A single HTTP control plane for managing GPU-bound services and queueing jobs across them.

Why it exists

Gateway gives you a single HTTP control plane for managing GPU-bound services and queueing jobs across them, with priority-based preemption and health-aware scheduling. It is designed for setups where multiple services contend for one or more GPUs and you want a single point of submit, observe, and preempt.

Concretely: you register Docker-backed services (LLM servers, image-generation workers, code runners, anything with an HTTP health endpoint), submit jobs against a service type, and Gateway handles dispatch, container start/stop, VRAM accounting, retries, callbacks, and preemption.

Features

GPU monitoring — /gpu and /vram endpoints report utilization, memory, temperature, and per-process usage. Works with discrete GPUs (via nvidia-smi) and unified-memory systems.
Service registry — Register services dynamically via API (container name, port, health endpoint, VRAM requirement, type). Persisted in SQLite; no hardcoded service list.
Container lifecycle — Start, stop, restart with VRAM-aware scheduling. Drains in-flight jobs before stopping.
Priority job queue — Queue jobs by service type with priority, TTL, retries, and optional completion callbacks.
Preemption — Higher-priority jobs can preempt lower-priority ones; progress is snapshotted and restored across preemptions.
Auto-scaling — Scheduler starts containers when jobs arrive and stops idle ones to free VRAM.
Notifications — Optional ntfy.sh push notifications for job lifecycle events.
Auto-generated API docs — Interactive OpenAPI docs at /docs.

Quick start

git clone https://github.com/Logos-Flux/gateway.git
cd gateway

cp .env.example .env
# Edit .env and set GATEWAY_API_TOKEN to a strong secret
# (if left empty, the API runs WITHOUT authentication — see Security below)

docker compose up -d --build

curl http://localhost:8080/health
# => {"status":"ok","version":"0.5.0",...}

Once running, browse the interactive API docs at http://localhost:8080/docs.

No GPU?

Remove the deploy.resources.reservations.devices block from docker-compose.yml to run on hosts without a GPU. The /gpu endpoint will then report available: false.

Configuration

All configuration is via environment variables.
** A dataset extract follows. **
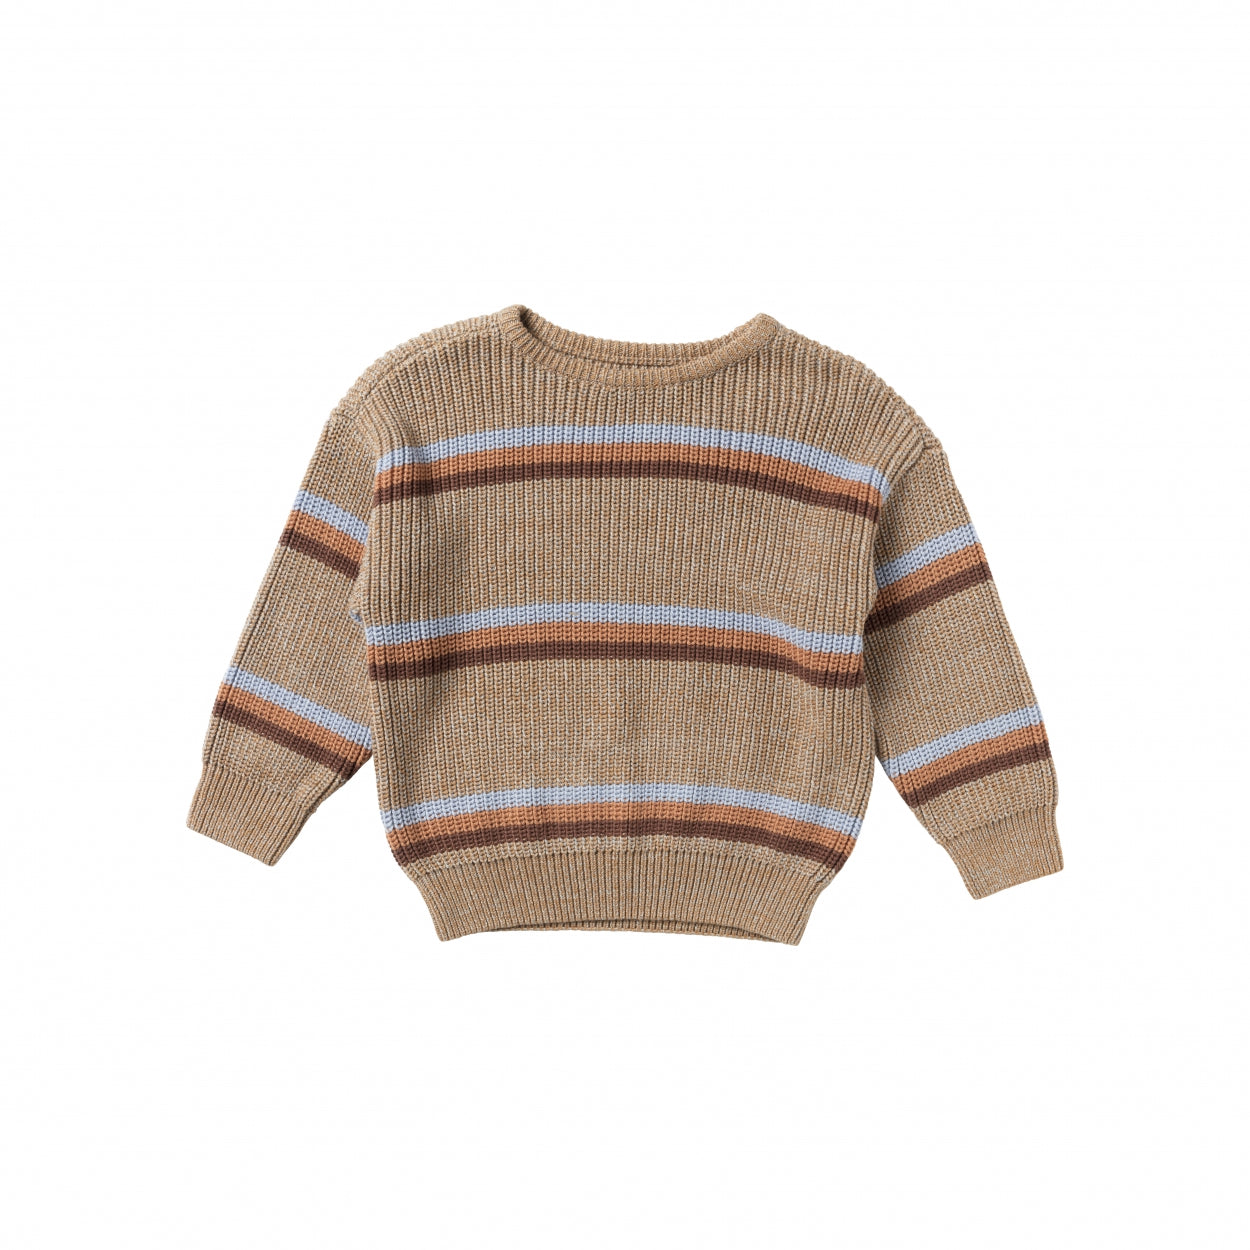 Sweater knit Mike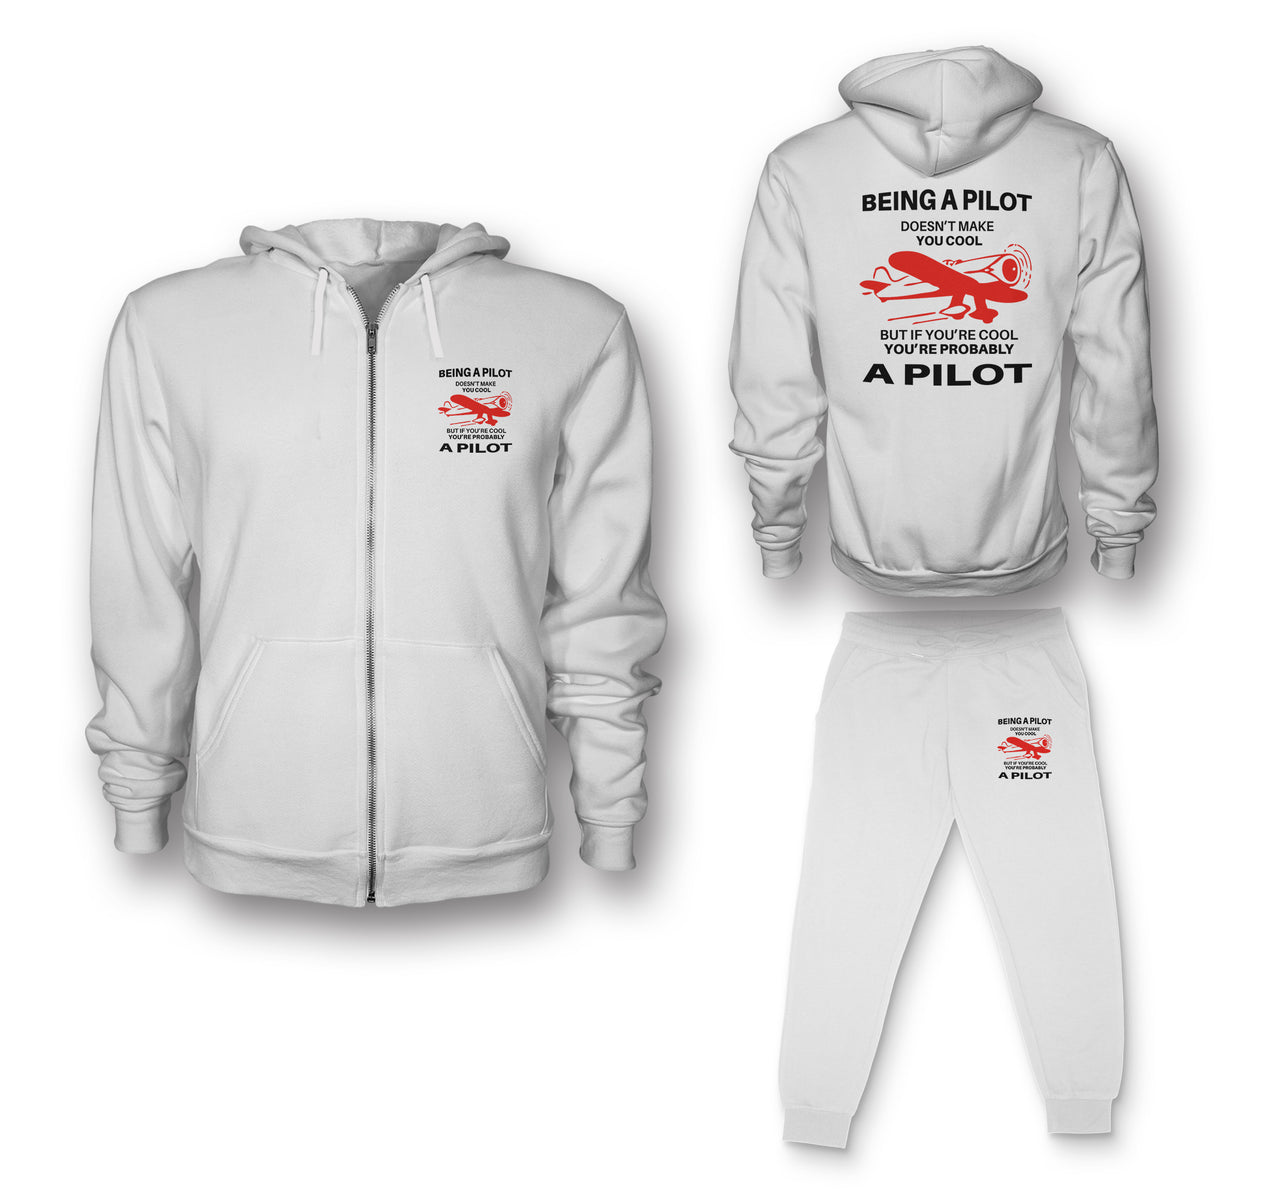 If You're Cool You're Probably a Pilot Designed Zipped Hoodies & Sweatpants Set

Copy .env.example to .env and edit.

Variable	Default	Description
`GATEWAY_API_TOKEN`	(empty)	Bearer token required on all API calls. If unset, authentication is disabled — see Security.
`QUEUE_DB_PATH`	`/app/data/queue.db`	SQLite path for the job queue and service registry.
`IDLE_TIMEOUT_SECONDS`	`300`	Auto-stop scheduler-started services after this many seconds idle.
`PREEMPT_PRIORITY_GAP`	`2`	Minimum priority gap that triggers automatic preemption of a running job.
`NTFY_ENABLED`	`false`	Enable ntfy.sh push notifications for job lifecycle events.
`NTFY_URL`	`https://ntfy.sh`	ntfy server URL.
`NTFY_TOPIC`	`gateway`	ntfy topic to publish to.

API overview

The full, always-up-to-date schema is served at /docs (Swagger UI) and /openapi.json. The main endpoint groups:

Group	Purpose
`/health`	Liveness probe; returns version.
`/gpu`, `/vram`	GPU and VRAM state.
`/services`, `/services/{name}`	Registry CRUD plus `start` / `stop` / `restart` / `enable` / `disable`.
`/queue/submit`, `/queue/{job_id}`	Submit jobs, fetch status, cancel, push/poll progress.
`/preempt/check/{name}`, `/preempt/execute`, `/preempt/release/{name}`	Inspect and trigger preemption.
`/available/{service_type}`	Recommendation hint: `use_local`, `use_cloud`, or `queue`.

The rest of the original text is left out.